Apart from this, there are other details about the kidnap that are either distorted or falsified. Many of the people in Chibok and other affected communities expressed dismay and anger about some of the misinformation reported about the girls’ abduction.
One of the biggest controversies about the Chibok incident is the exact number of girls that were kidnapped at the school. Figures ranging from 200 to 276 have been reported in local and international media.
However, investigations by indicate that of the 395 girls who were registered to sit for examination in the school on April 14, 2014, 189 were accounted for after the terrorists left.
If this is true, then it means that a total of 206 girls were kidnapped.
Besides, the actual number of girls kidnapped also is the controversy over how many of them are from Chibok. From all indications, although all the abducted girls are referred to as ‘Chibok girls”, not all of them are from Chibok.

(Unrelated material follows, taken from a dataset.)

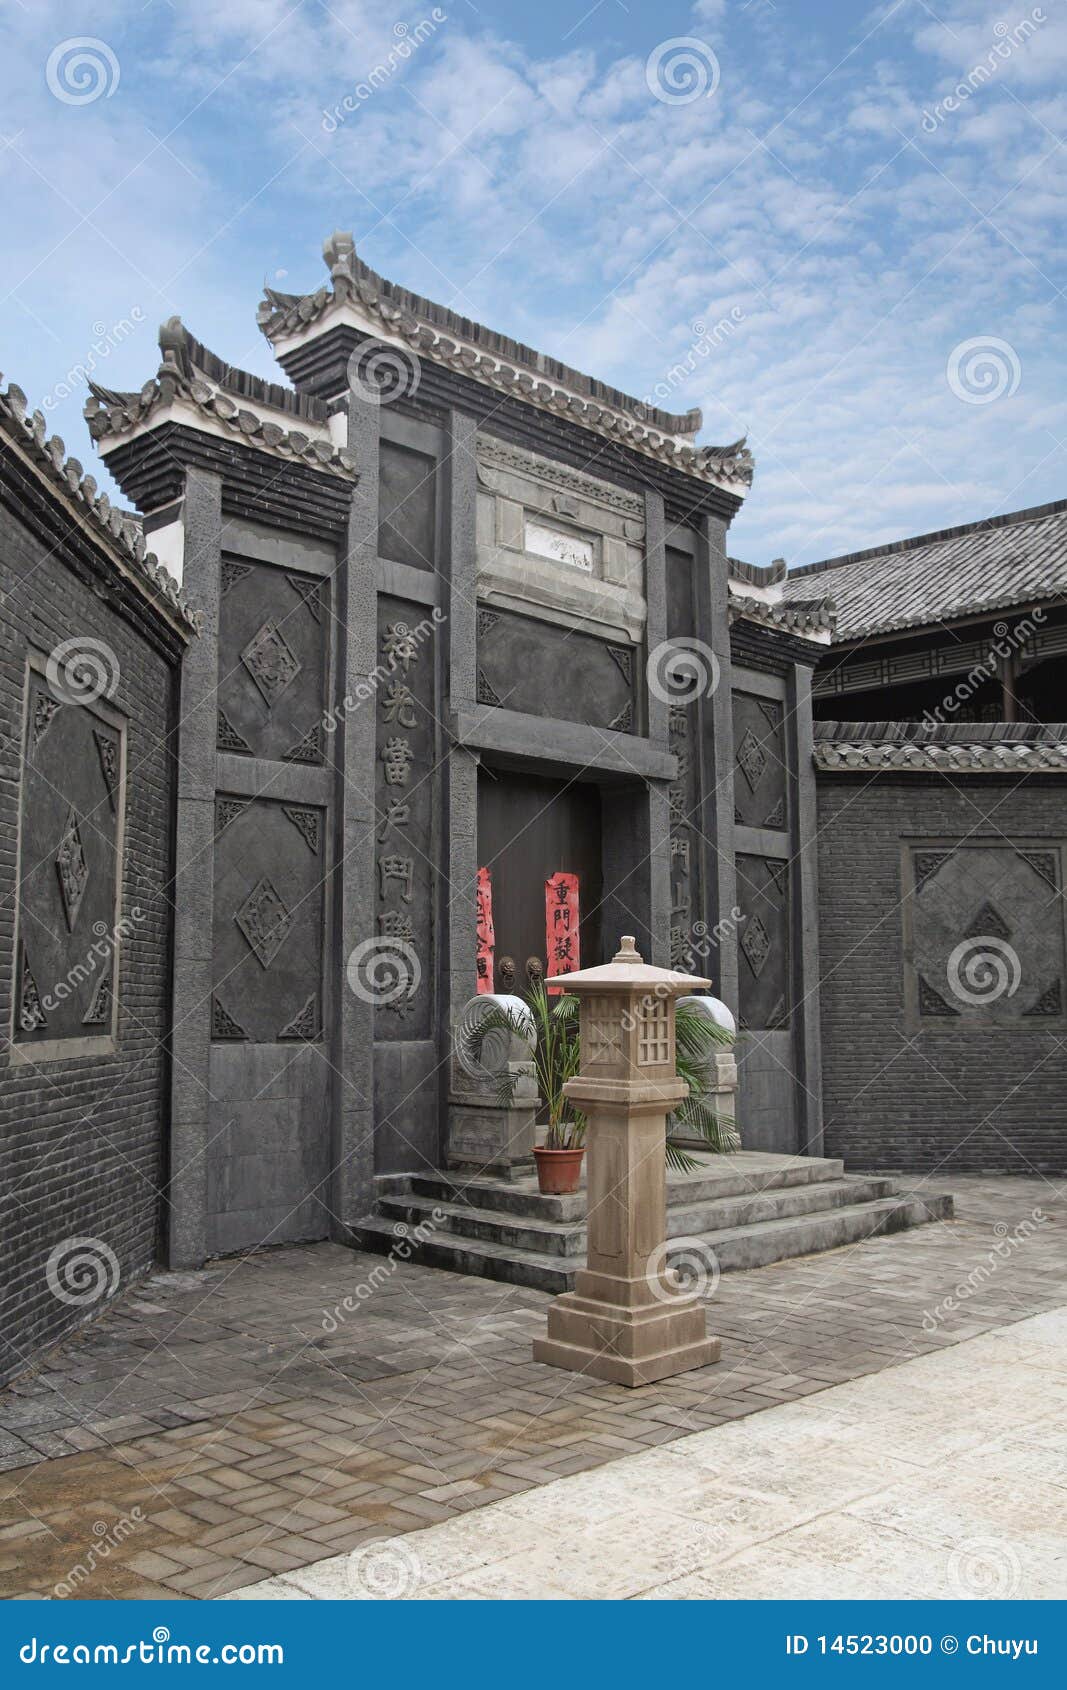 photo stock vieille maison chinoise image

In fact, less than 100 of them might have come from that rustic, hilly community.
Samson Dama, uncle to one of the abducted girls, Maifa Dama, observed that there is so much that the public does not know, adding that “the secondary school here was what they call ‘Special Centre, so many of the girls were from other communities in Borno.”
Some of the Chibok girls’ parents confided that only about 70 of the girls in the video released by Boko Haram leader, Ibrahim Shekau, could be identified as coming from the community.
Even then, some of the parents in Chibok observed that they did not see their daughters in the said video.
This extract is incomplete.